Re: Validation error from base 64 encoded data in an object element.

2013-11-29 11:54, Philip Taylor wrote:

> Michael[tm] Smith wrote:
>
>> The validator's correct. The values of the "data" attributes of your
>> <object> elements contain literal newlines. Valid URLs aren't allowed to
>> contain literal newlines. So to make them valid URLs you need make each
>> of your "data" attribute values a single line, without the line breaks.
>
> The value of the data attributes in the example under discussion is a
> data URI encoded in base64.  According to Wikipedia [1],
>
>  "data URIs encoded with base64 may contain whitespace for readability."
>
> Is Wikipedia therefore incorrect in its assertion ?

It seems that the assertion is true as regards to browser behavior in 
popular browsers, strangely enough. A data: URL divided into several 
lines works OK. Internally, in the DOM, line breaks are stripped off. 
This also applies to normal URLs; the following works:

<a href="http://www.w3.
org">W3C</a>

So this isn't about data: URLs or about Base64, in which a line break is 
more or less an open issue, see
https://tools.ietf.org/html/rfc4648#section-3.1

I cannot find any justification for stripping line breaks in the specs. 
Attribute value parsing rules say nothing of the kind, and in general, 
line breaks in attribute values in HTML source are present in the DOM.

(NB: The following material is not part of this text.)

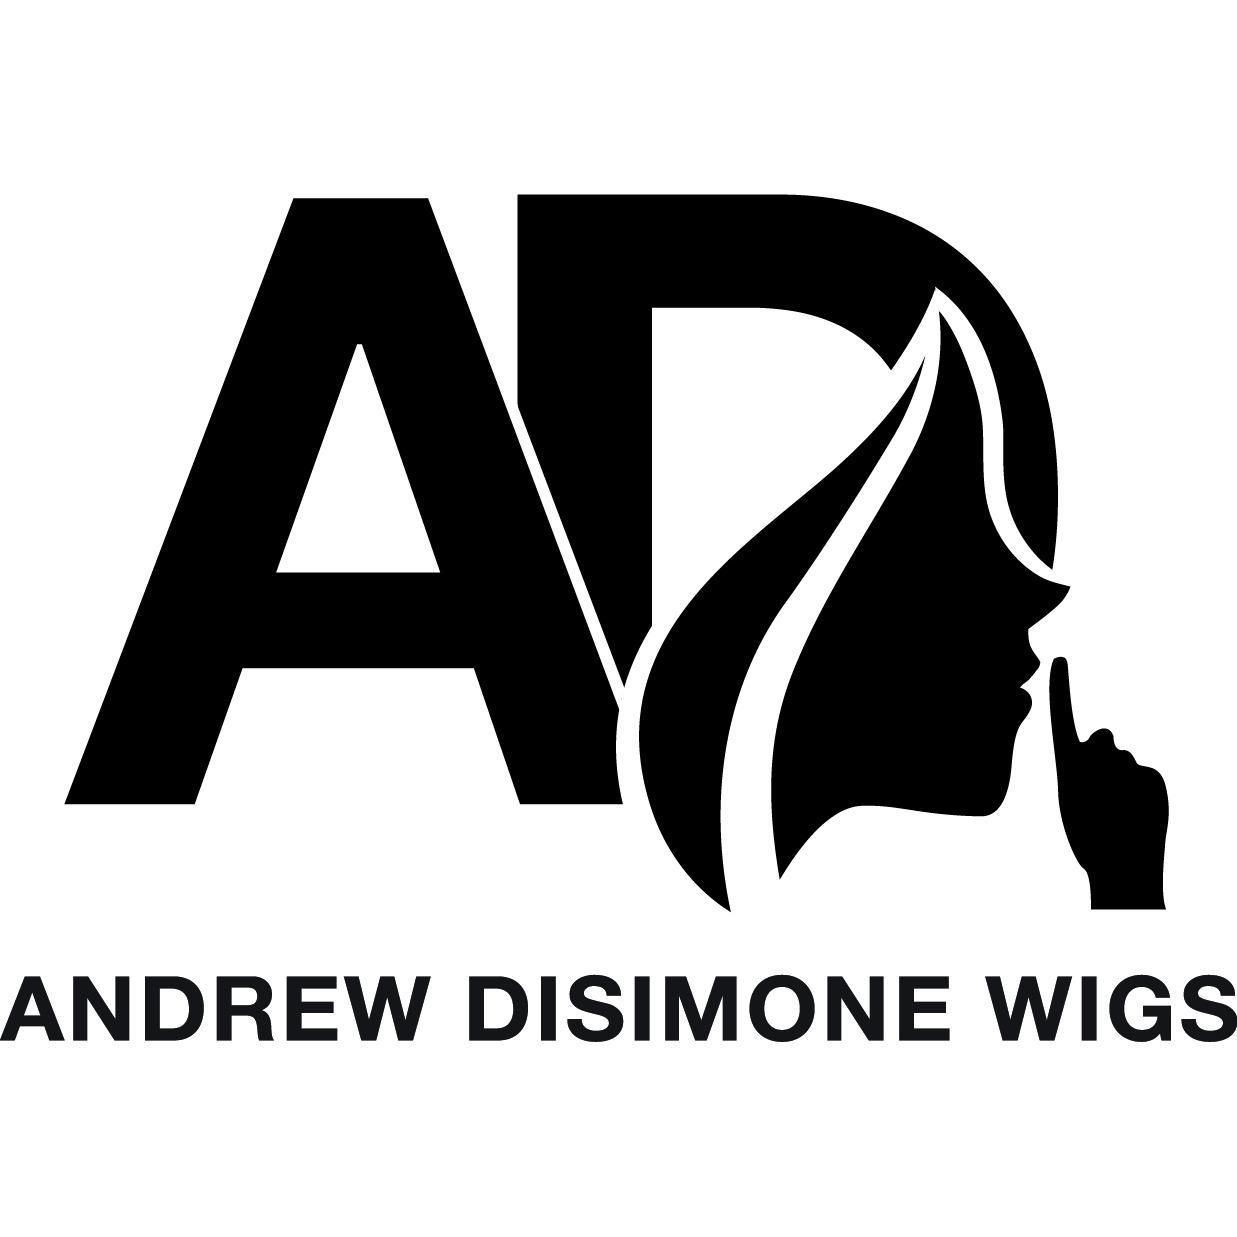 Andrew DiSimone Wigs

But I can see practical reasons to this. It's probably useful error 
recovery. And it could be turned to a simple rule: in an attribute value 
declared to be a URL (or "valid non-empty URL potentially surrounded by 
space" in the HTML5 spec jargon), removing line breaks is OK since URLs 
must not contain line breaks.

It's a bit different with spaces. They get inserted into the DOM, as 
such in a data: URL, but %-encoded as %20 in an http: URL. And in a 
data: URL, they seem to get ignored. I can't find a formal justification 
to this, but in practical terms, it might be regarded as useful error 
recovery.

Yucca

Received on Friday, 29 November 2013 11:48:47 UTC